2. Optimize Existing Resource Usage
After eliminating what’s not in use today, the next step is to optimize resources that are absolutely necessary. AWS provides a variety of tools to support this, including:
- AWS Cost Explorer Resource Optimization
- Instance Scheduler on AWS
- Operations Conductor on AWS
- Amazon CloudWatch
- Trusted Advisor (again) for DB instances and Redshift clusters checks
Some of these solutions generate reports that can then be used to make informed decisions about when to stop or downsize instances. Others provide ways to automatically flex resource utilization based on actual demand. Amazon CloudWatch, in particular, is an effective way to analyze Amazon DynamoDB usage, which is a popular NoSQL database.
3. Levered Managed Services
For those who want to lower OPEX, managed services may be the answer. AWS managed services typically take on the administrative burden of managing IT infrastructure on the cloud, e.g., provisioning servers, addressing incidents, patching software, etc. This frees up engineering capacity that can be allocated elsewhere.
Examples of managed services from AWS include:
The list goes on and on. Managed service can be a low-stress, cost-efficient way to maintain peak performance for a fraction of the effort.
4. Use Reserved Instances
Reserved instances (RIs) are an option that AWS provides to lease instances in advance for a fixed duration at a discount to the on-demand instance rate.
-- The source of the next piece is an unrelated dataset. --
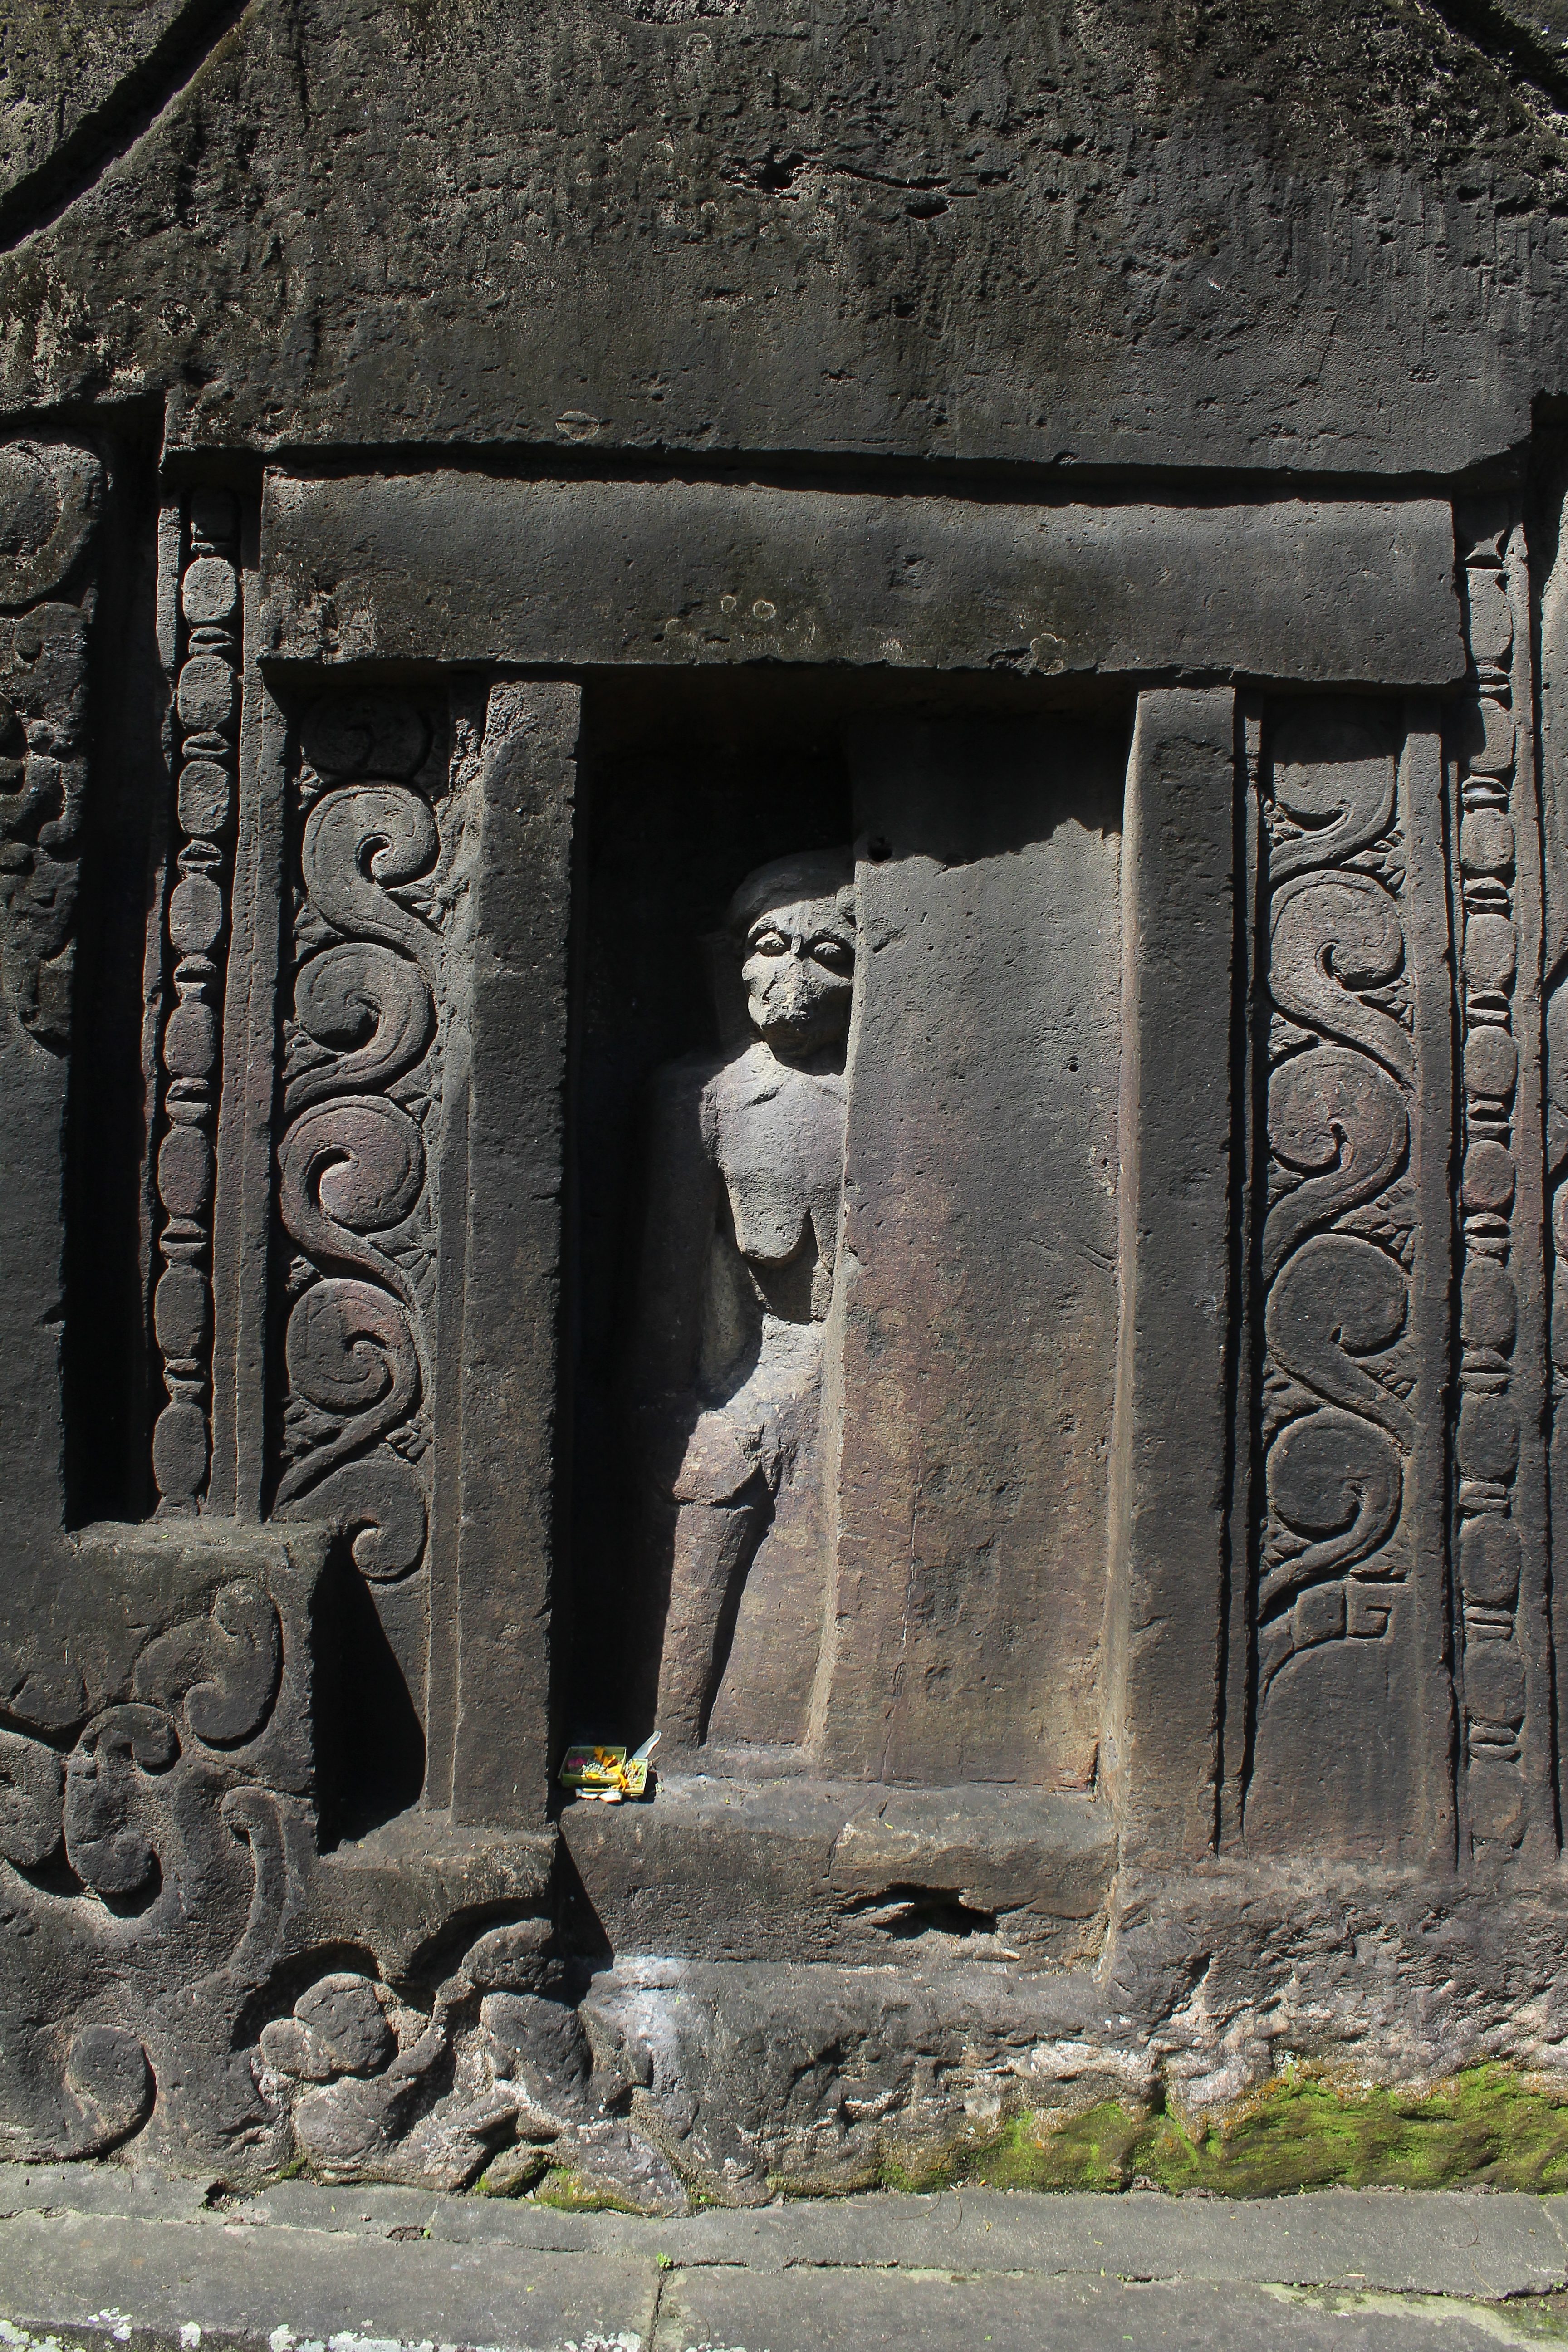 Relief showing figure through half door

RIs are a straightforward way to keep costs down for those who can reasonably predict the types of instances they will need.
Engineering teams can choose from three types of RIs: All up-front (AURI), partial up-front (PURI) or no upfront payments (NURI). The right type for an organization depends on several factors, although a tool like AWS Cost Explorer RI can help determine the best path.
5. Tag Resources
An essential practice to incorporate into cloud management is to tag all resources. Tagging resources improves visibility and makes sure that teams know what parts of their applications and infrastructure incur the most costs. Tagging is also helpful for general organization and promoting clear cost accountability. Without tagging, it’s hard to know what resources are responsible for a higher proportion of expenses, as well as who should be paying close attention to those resources.
The key to tagging is to build a consistent habit across the engineering organization. Leaders should also understand the differences between soft and hard tagging enforcement to pick the right approach for the enterprise. For reference, below are AWS’s primary tagging categories:
- Environment
- Application ID
- Automation Opt-in/Opt-out
- Cost center/business unit
- Owner
6. Use Current Generation Instances
Lastly, using current generation instance types is crucial for getting top price for performance. A summary of AWS’ instance types can be found here. While AWS does support previous instance types, it makes sense to launch new instances on current generation technology whenever possible.
With these six steps, engineers can improve their organization’s cloud cost structure immediately. The strategies above provide quick wins, as well as long-term cost-efficiency. But to ensure success, companies need to be committed to monitoring costs and making adjustments regularly.
It’s not enough to implement a few of the tools mentioned above and then take a hands-off approach. True cost optimization comes from making small refinements continuously to keep resource provisioning in line with resource consumption. The good news is that AWS makes this easy with plenty of solutions for improving cost visibility, automating resource management, and making changes to cloud environments as needed.